As the aftershocks of the coronavirus pandemic continue to rumble through the U.S. economy, Signet Jewelers announced something surprising this week. The company said it has cut sales of engagement rings this year because it failed to meet the needs of singles who were stuck at home during lockdown. – I will be engaged in 2020.
Virginia C. Drosos, chief executive of Signet, which owns Kay Jewelers and Zails, told investors Thursday, As a result, engagement declined in the quarter.” Shares of Signet, the largest U.S. jewelery retailer, fell after the company lowered its sales and earnings forecasts for the year.
In some ways, the engagement ring is a glorious microcosm of the American economy. The bridal jewelery business has been hit by the delayed impact of the pandemic, rapid inflation weighing on consumers and heightened shopper tension.
Some of the volatility is purely due to the pandemic.
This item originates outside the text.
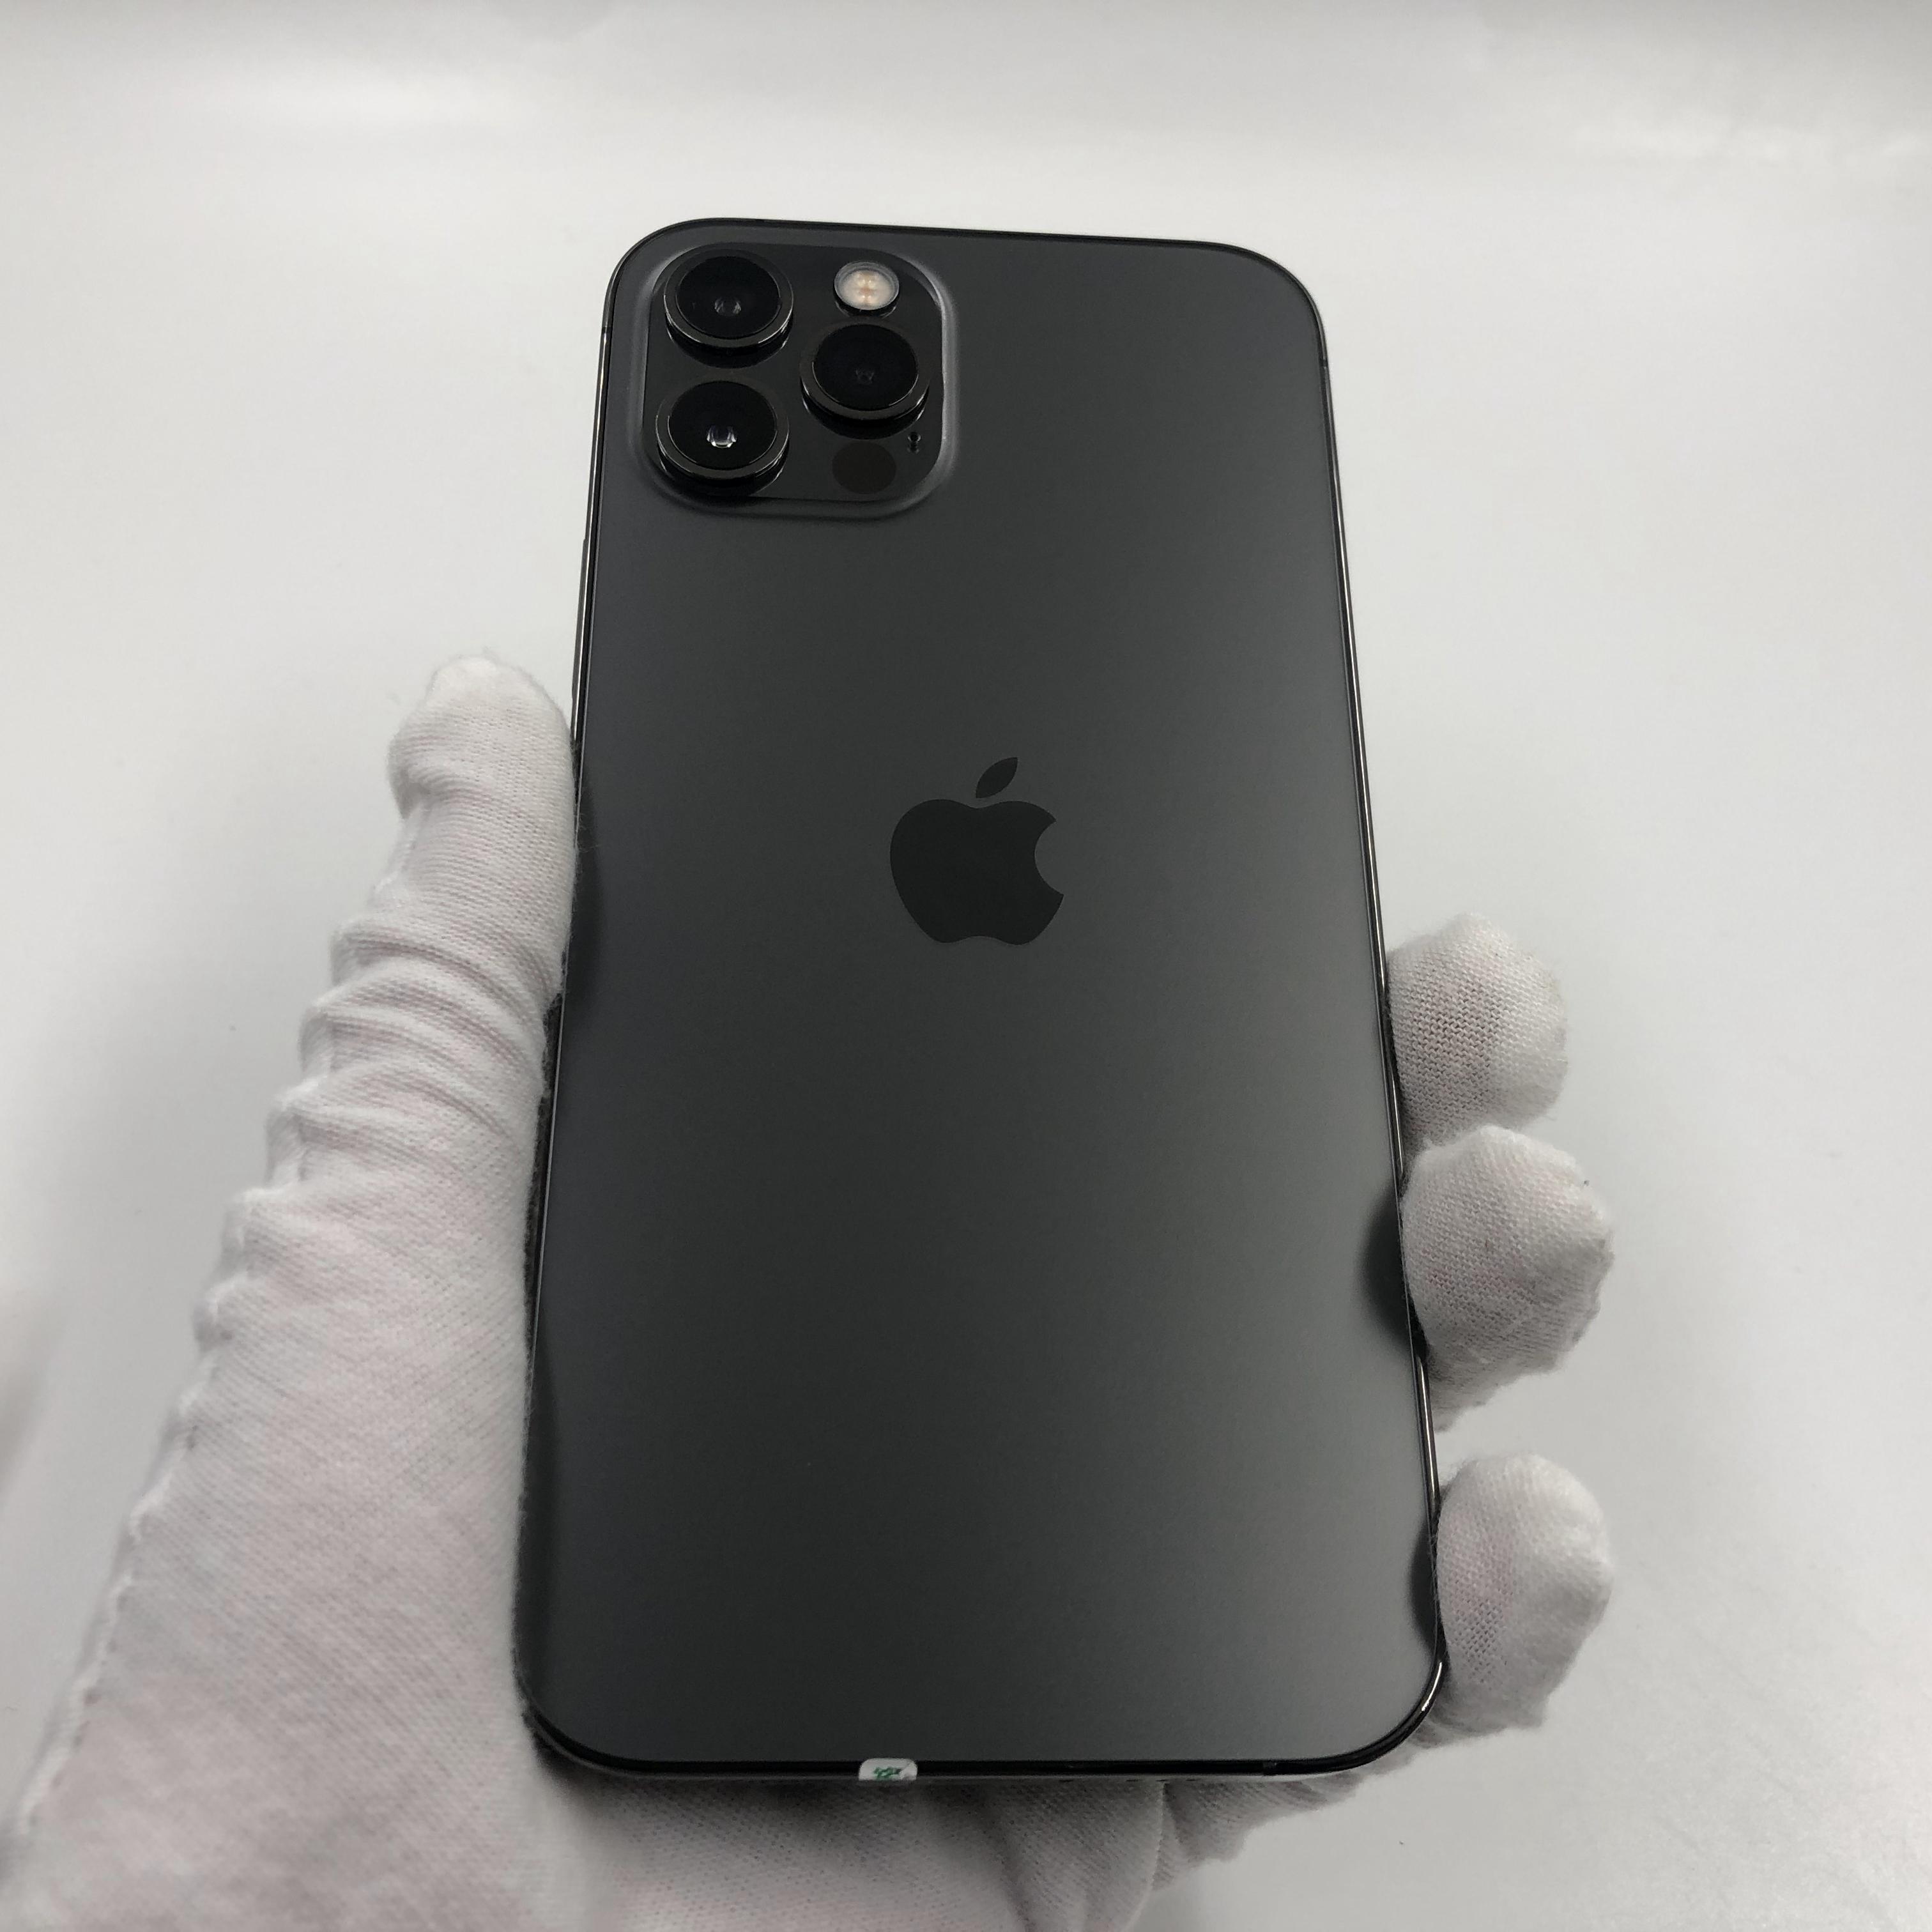 苹果【iPhone 12 Pro】5G全网通 石墨色 256G 国行 8成新 真机实拍保修2021-11-08

The mass cancellations of weddings during the 2020 lockdown were expected to level off over the next few years as they rebound in late 2021 and into 2022 and return to more typical patterns. Wedding-related activity appears to be showing early signs of a slowdown in 2023, but whether that’s due to the dating drought in 2020 or simply years of later and fewer marriages, according to Signet. It is unclear whether it will revert to
what is clear? Wedding trends are also tied to wider and potentially longer-lasting economic implications. Signet sales are down not only because fewer people are on one knee, but also because ring shoppers are becoming more cautious amid rapid inflation and growing uncertainty about the direction of the economy. may be because they are cutting back on spending. Both the volume and value of jewelery sold by Signet declined in the last quarter.
Drosos said the company “expected the low double-digit decline in engagement we saw this quarter,” but said other factors were also at play. “Recent consumer confidence, declining tax refunds, economic uncertainty stemming from the collapse of a local bank, and continued inflation are likely to weaken spending across the jewelery industry,” she added.
Consumers face major challenges this year. As measured by the Personal Consumption Expenditure Index, prices have risen cumulatively by about 15% over the past three years. Inflation has slowed in recent months, but many workers feel wages are lagging.
The Fed is raising interest rates to cool the economy and counter persistent inflation. Not only will it become more expensive for consumers to shop and take out loans on credit, but volatility in interest rates will also make it more likely that the economy will slip into recession.
With many households seeing their savings dwindling and worrying about job security, they may be reluctant to spend on big ticket items like fancy diamond rings and custom-made wedding dresses.
David’s Bridal, a wedding dress retailer, suggested some brides were becoming more budget minded amid a bankruptcy filing earlier this year.
“More and more brides are opting for non-traditional wedding attire, such as second-hand wedding dresses,” said James Markham, the company’s CEO. Court submission.
Like many economies, the wedding industry is showing signs of fragmentation. High-income earners are able to tap into their savings and continue spending, while low-income households spend a greater percentage of their income on food and other necessities. Cracks begin to form under the weight of inflation.
Luxury retail group LVMH, which owns jewelry stores such as Tiffany & Co. continuous growth Expectations are high in early 2023, including strong jewelery sales.
LVMH’s chief financial officer, Jean-Jacques Guiony, told investors in April that “everyone expected 2023 to be a terrifying year for the US luxury industry,” adding that the collapse did not materialize. explained. “It’s normalizing, but not bad.”
But at mass-market brands like Kay and Zareth, shoppers may be pulling back.
“We’re starting to see some softening in the relatively isolated high end, and the low end continues to come under pressure,” Signet finance chief Joan Hilson said on a conference call on Thursday. rice field.
Signet hopes demand for wedding rings will pick up. It predicts that there will be 500,000 more engagements from 2024 to 2026 than pre-pandemic trends indicate, as lockdowns lead to delayed dates leading to matches. But Bank of America analysts wrote they were “concerned that some of that recovery could be offset” by lower spending on jewelery by “stressed-out consumers”. there is
Wedding Report founder Shane McMurray is skeptical about having a big gap year during an engagement. He expects weddings in 2023 to drop 20% from 2022 levels as trends return to normal. Lyman Stone, research director at consulting firm Demographic Intelligence, also agrees that the current wedding downturn may not reflect a temporary decline, but a return to previous trends. bottom.
“2023 is going to be a sluggish year,” he said. “I think it’s a bit of an overstatement to blame the 2020 lockdowns for that.”